Green pastures: Ian Humphreys on life with London Irish

Each week, catches up with an Irish player or coach plying their rugby trade in the Aviva Premiership.

Ian Humphreys is in his second Premiership stint.
Ian Humphreys is in his second Premiership stint.
Image: Credit: Pinnacle Photography
  • Club: London Irish  - Player: Ian Humphreys (Out-half)

When Ian Humphreys made the move from England to play for his home province of Ulster, he thought he had found the place to see out his playing days.

Four seasons later and the out-half finds himself part of the revolution taking place at London Irish.

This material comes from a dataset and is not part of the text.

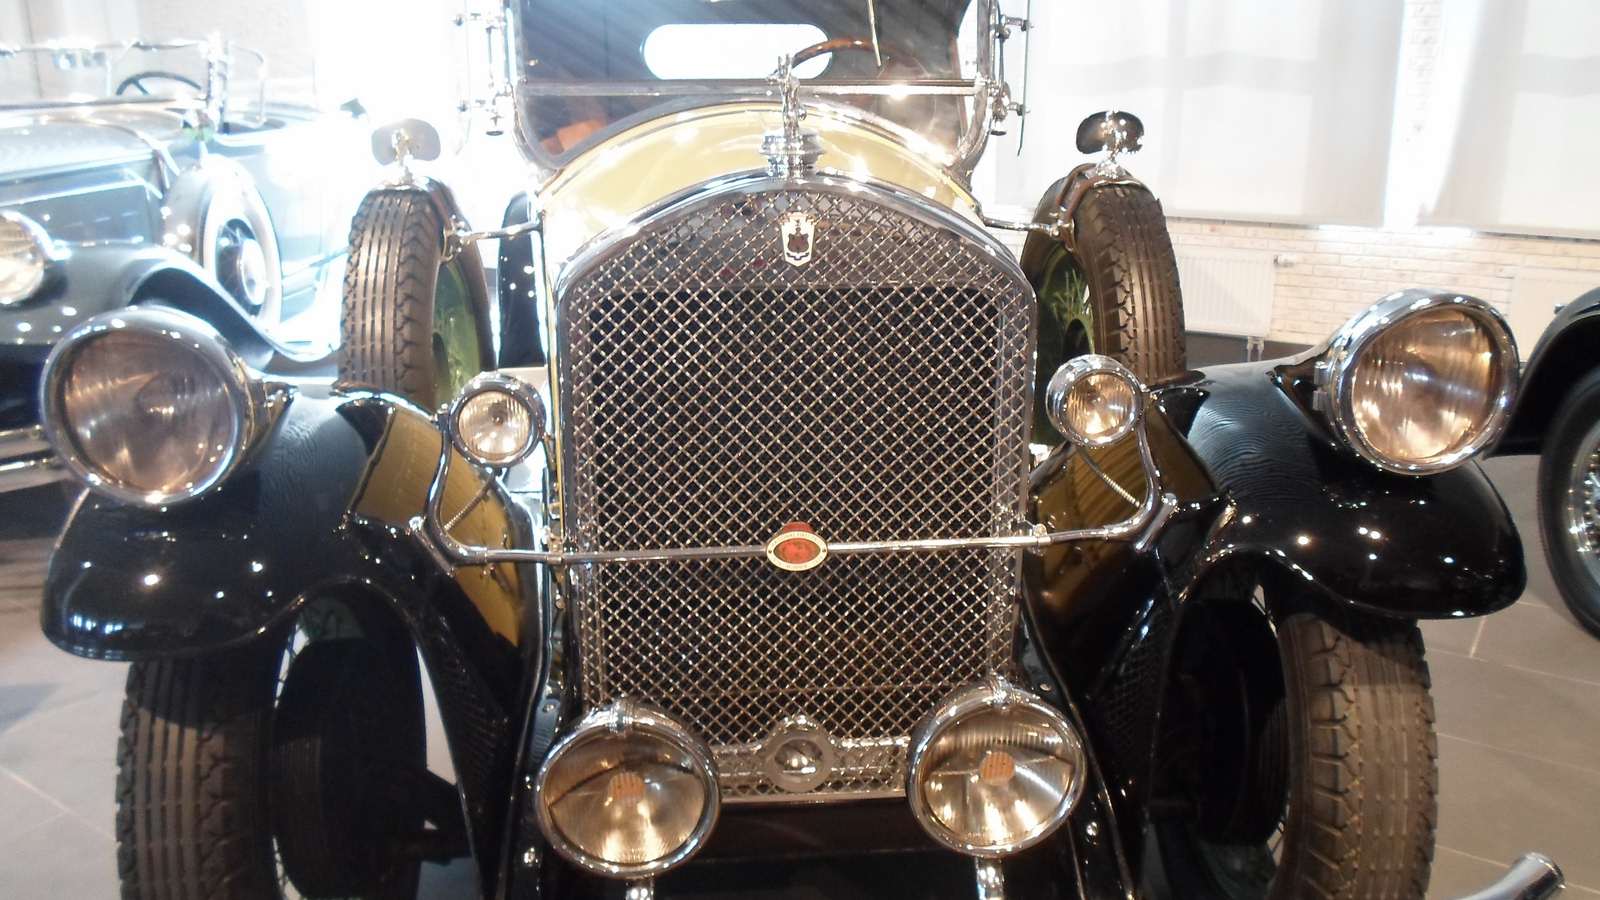 1928. Pierce-Arrow 81 Roadster

The team has said goodbye to stalwarts such as Bob Casey, Delon Armitage and Mike Catt in recent years while drafting in a mix of youth and experience.

Under new coaches Brian Smith and Shaun Edwards, Irish struggled in the opening weeks of the Aviva Premiership but last Saturday’s match against Bath, when Humphreys was teamed up with scrum-half Tomás O’Leary, they won 29-22. caught up with Humphreys to get a run-down on London life with the Exiles.

“The first few league games weren’t ideal,” he said. “We weren’t a million miles away from getting off the mark so it wasn’t too much of a concern. We had a couple of defensive lapses in the games that didn’t help.

We were involved in a tight game at the weekend and still pulled through. We showed that we were good enough to win ugly. We are well known for our attractive brand of rugby but it was good to show that we could tough it out when we needed.

“Before the start of the season, there were injuries to Chris Hala’ufia and Joe Ansbro. We have a few guys coming back from injury and suspensions too and, with new coaches like Brian and Shaun, and the systems and tactics are starting to bed in.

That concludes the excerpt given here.